Company, Crown and Colony: The Hudson’s Bay Company and Territorial Endeavour in Western Canada
Review By Barry Gough
November 4, 2013
BC Studies no. 180 Winter 2013-2014 | p. 172-174
In essence, this is a study of governorship, or governorships — Richard Blanshard to Frederick Seymour, with Sir James Douglas as the centrepiece of description. The addition of many charts and tables lend it an expectant aura of historical geography. The sources used are the Colonial Office papers, the printed Parliamentary Papers of the age, the files of the Hudson’s Bay Company (HBC), and various refugia such as Roderick Finlayson’s histories and accounts of Fort Victoria and the occasional letters found in the archives of the National Maritime Museum, Greenwich. On-line resources have been used, notably shorter biographies that appear from the Dictionary of Canadian Biography — George Blenkinsop being one and Robert Dunsmuir another, though that of the quizzical Walter Colquhoun Grant does not appear. This book shows the depth of Vancouver Island’s colonial history in documents, and that rich basis is a tribute to the systematic methods that Sir James Stephen, the permanent Undersecretary of State for the Colonies, devised in the years immediately preceding the grant of the Colony of Vancouver Island to the HBC (13 January 1849). Although one is hard pressed to think of documentary sources missed by the author, the reviewer is saddened, even horrified, to see the following not cited or referenced: Richard Mackie’s extensive M.A. thesis on the topic, John Galbraith’s prodigiously important Hudson’s Bay Company as an Imperial Factor (1957), and the reviewer’s own Royal Navy and the Northwest Coast (1971) and particularly Gunboat Frontier (1984), which examines aboriginal rights, the Douglas Treaties, and above all, and significant to Mr. Royle’s discussion of Blanshard and the Fort Rupert murders, the troubling events near that northern post of the HBC, and the intervention of the Royal Navy under Blanshard’s guidance.

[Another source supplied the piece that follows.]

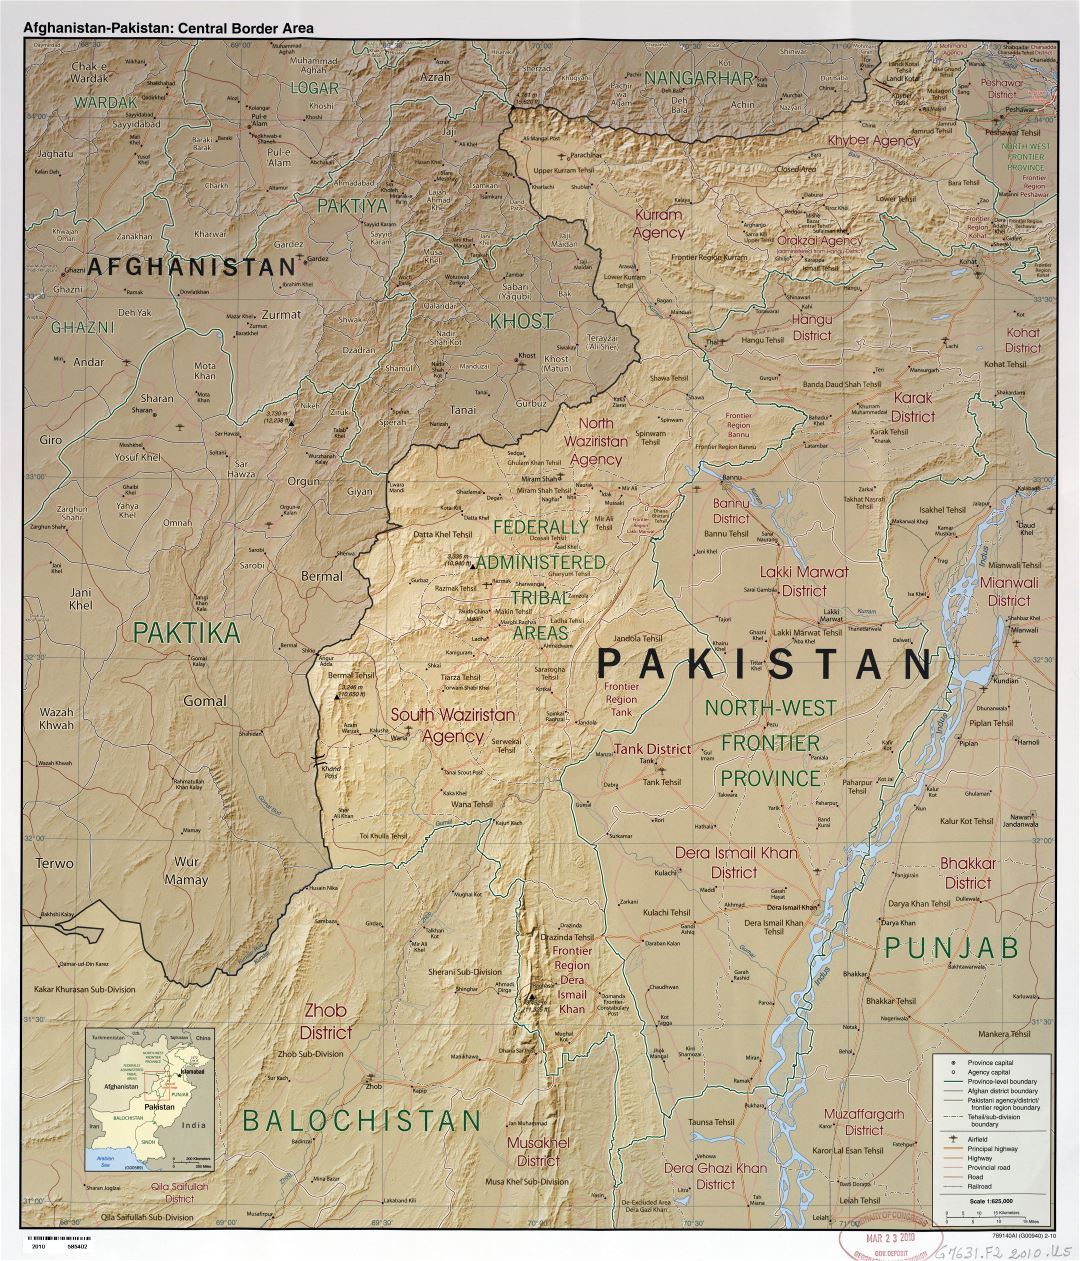 Large scale detailed Afghanistan - Pakistan central border area map with relief, administrative divisions, roads, railroads, airfields and cities - 2010

As a student of imperial islands as places for historical study, Mr. Royle, who is Professor of Island Geography and Director of the Centre of Canadian Studies at Queen’s University Belfast, has written about St. Helena and other outposts, but he does not express a strong appreciation of naval and maritime aspects of the imperial story. His view is that the HBC was coerced by the Colonial Office in undertaking the colonization of the Island under the charter. In fact, as Galbraith explained, it had been the Company that necessarily had to protect its trading monopoly under licence and needed to find a way to satisfy the Colonial Office of its suitability as a colonizing agent. The author accepts too readily the antagonistic views of James Edward Fitzgerald, but certain it is that Fitzgerald’s proposal received far more attention than it deserved. Lacking capital, with no experience in colonizing remote regions, and having no knowledge of aboriginal affairs or obligations, Fitzgerald was over his depth even in making a suggestion along Wakefieldian lines. Mr. Royle’s book turns so much on the personality, character, and circumstances of Governor Blanshard that Douglas is presented as a rival, which in a way he was, given the financial and managerial responsibilities of the latter, and his reluctance to promote colonization. Ancillary persons nicely enter the account, notably the Reverend Robert Staines, James Cooper, and Edward Langford – all of them in opposition to Douglas during his governorship. The rivalry of Victoria and New Westminster as to the new capital on the occasion of the Union of the Colonies is covered, and follows conventional lines, Governor Seymour being adequately treated as far as his official papers are concerned.
It is sad in a scholarly treatise to see so many errors. There are editorial lapses — incomplete or awkward sentences. There are misspellings — Herman Merivale, the famed Colonial Office undersecretary, is given incorrectly as Merrivale. British Colombia appears at least once. The Admiral’s name is Phipps Hornby. There is, sadly, no bibliography, which would have been useful to future students. One would have liked to see some discussion of the smallpox epidemic of 1862. The labour difficulties at Fort Rupert need greater analysis. Bride ships are conspicuous by their absence. The Métis character of many of the early families is not addressed adequately, another feature reflecting lack of knowledge of published work. These matters give pause for concern.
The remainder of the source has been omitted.